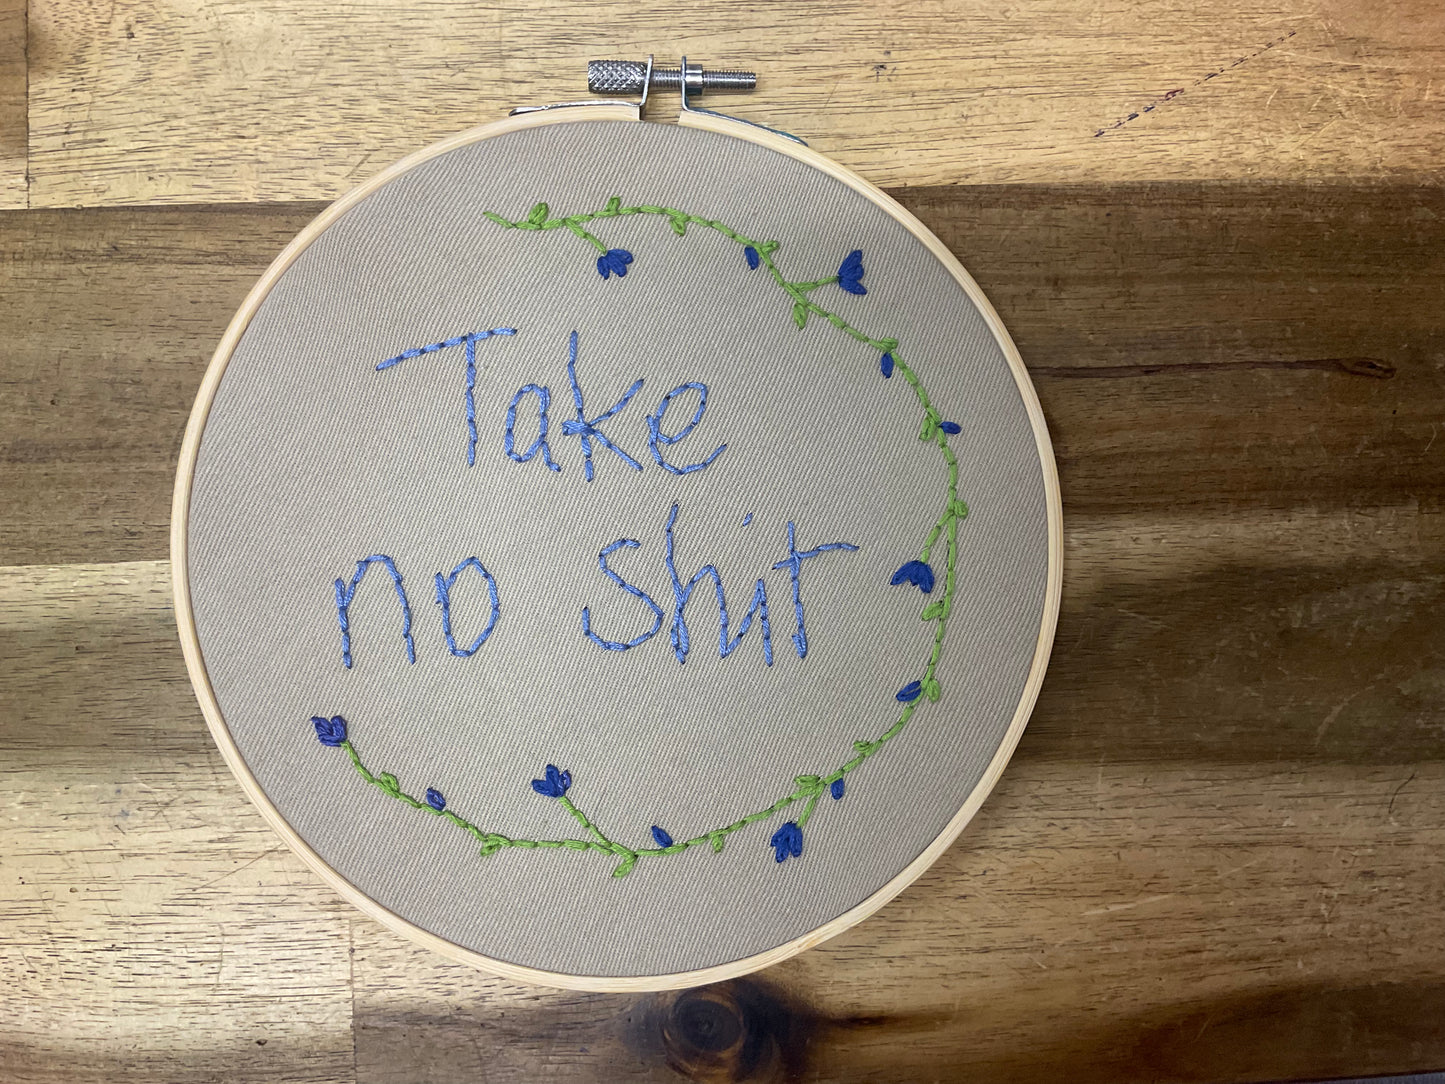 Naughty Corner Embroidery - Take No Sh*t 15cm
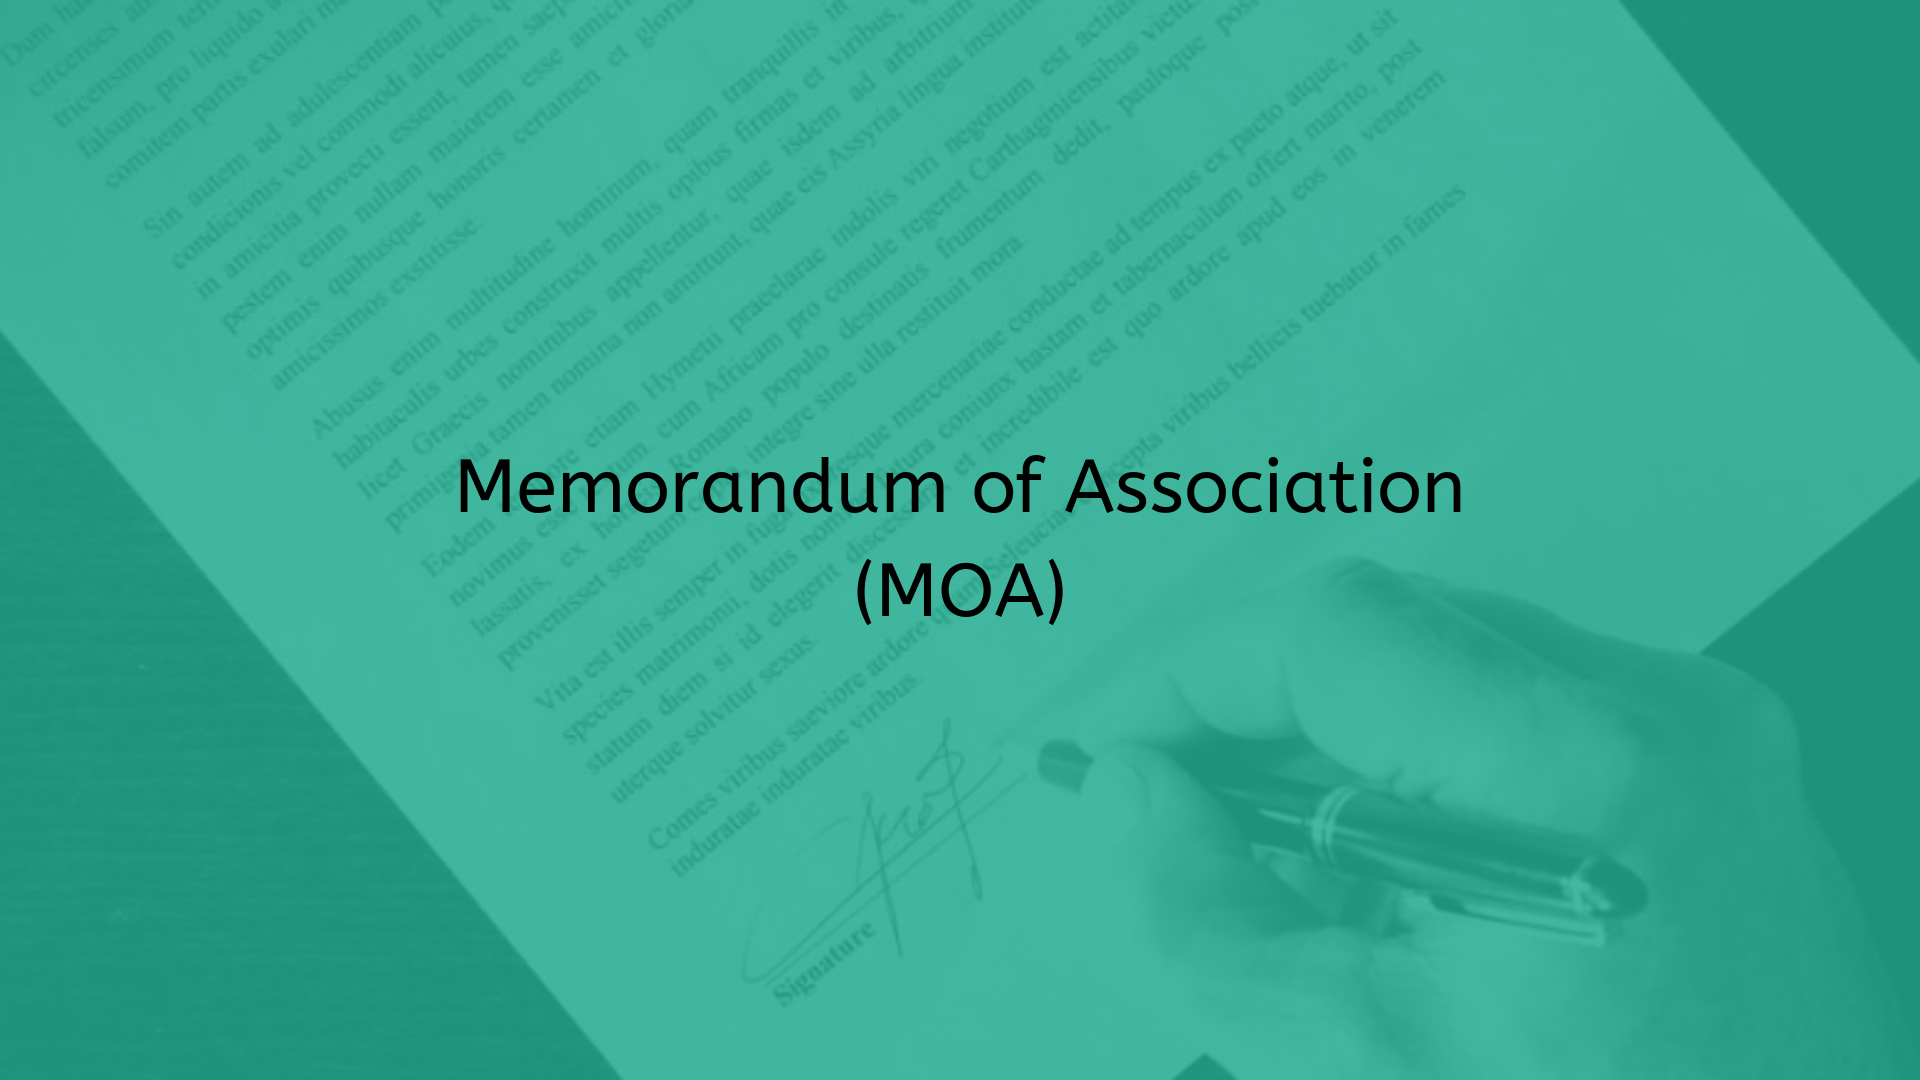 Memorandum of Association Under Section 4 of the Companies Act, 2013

==

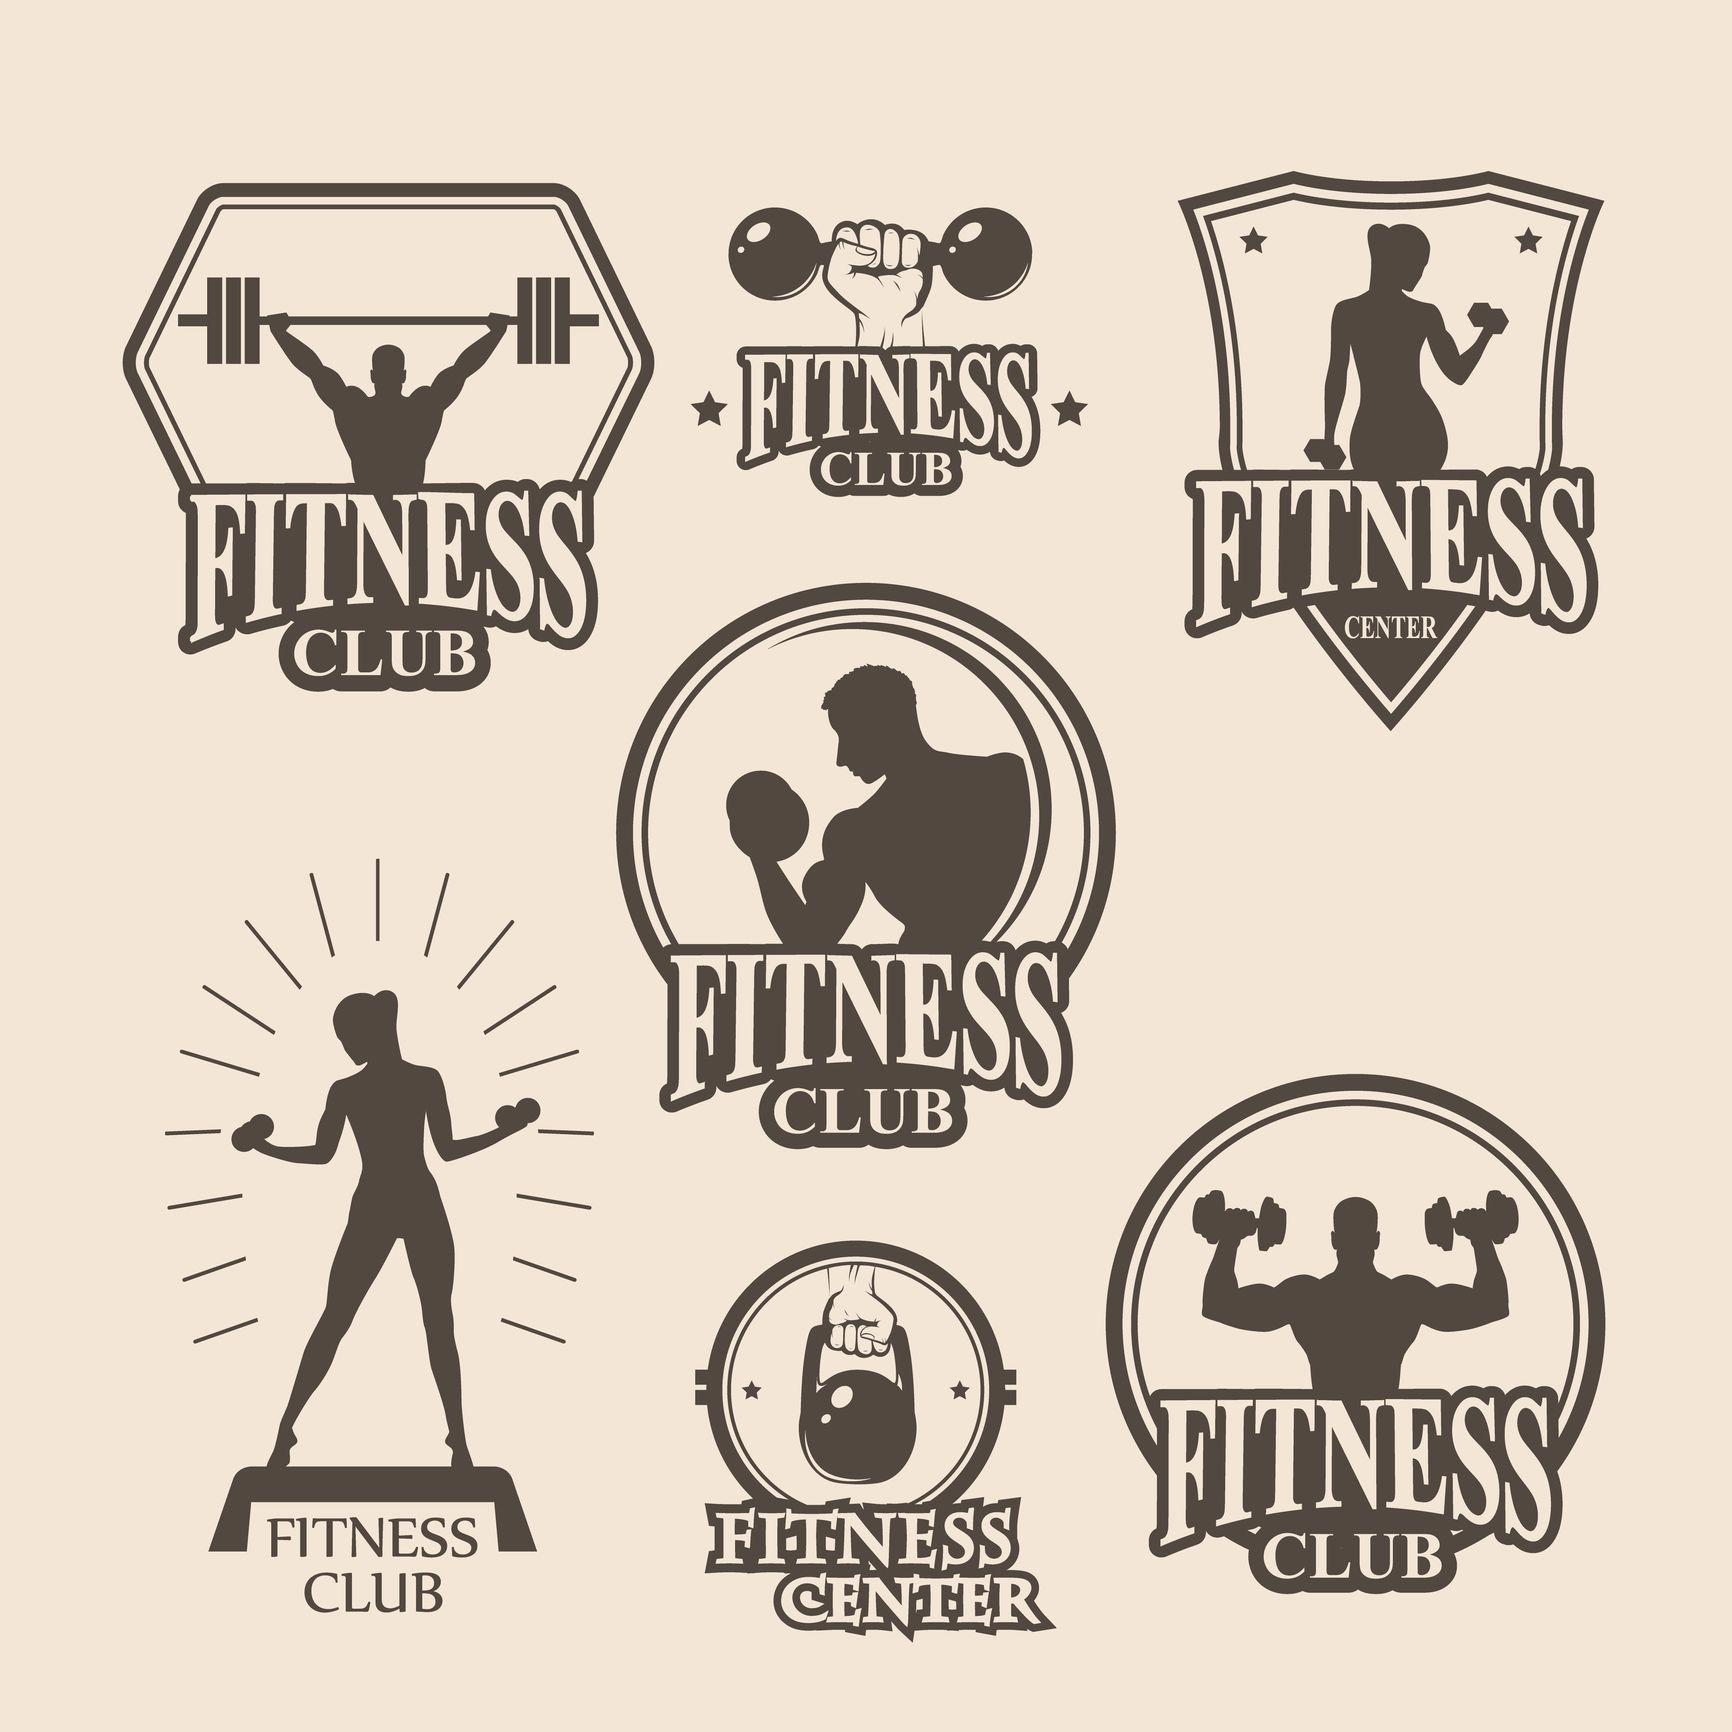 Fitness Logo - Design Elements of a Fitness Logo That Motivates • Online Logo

# [WORK ITEM]
Above are some entries. Restate word for word the lines from the one holding "Naughty Corner Embroidery" through the one holding "Memorandum of Association", but not the pictures.

# [TASK RESULT]
 Naughty Corner Embroidery - Take No Sh*t 15cm
 Memorandum of Association Under Section 4 of the Companies Act, 2013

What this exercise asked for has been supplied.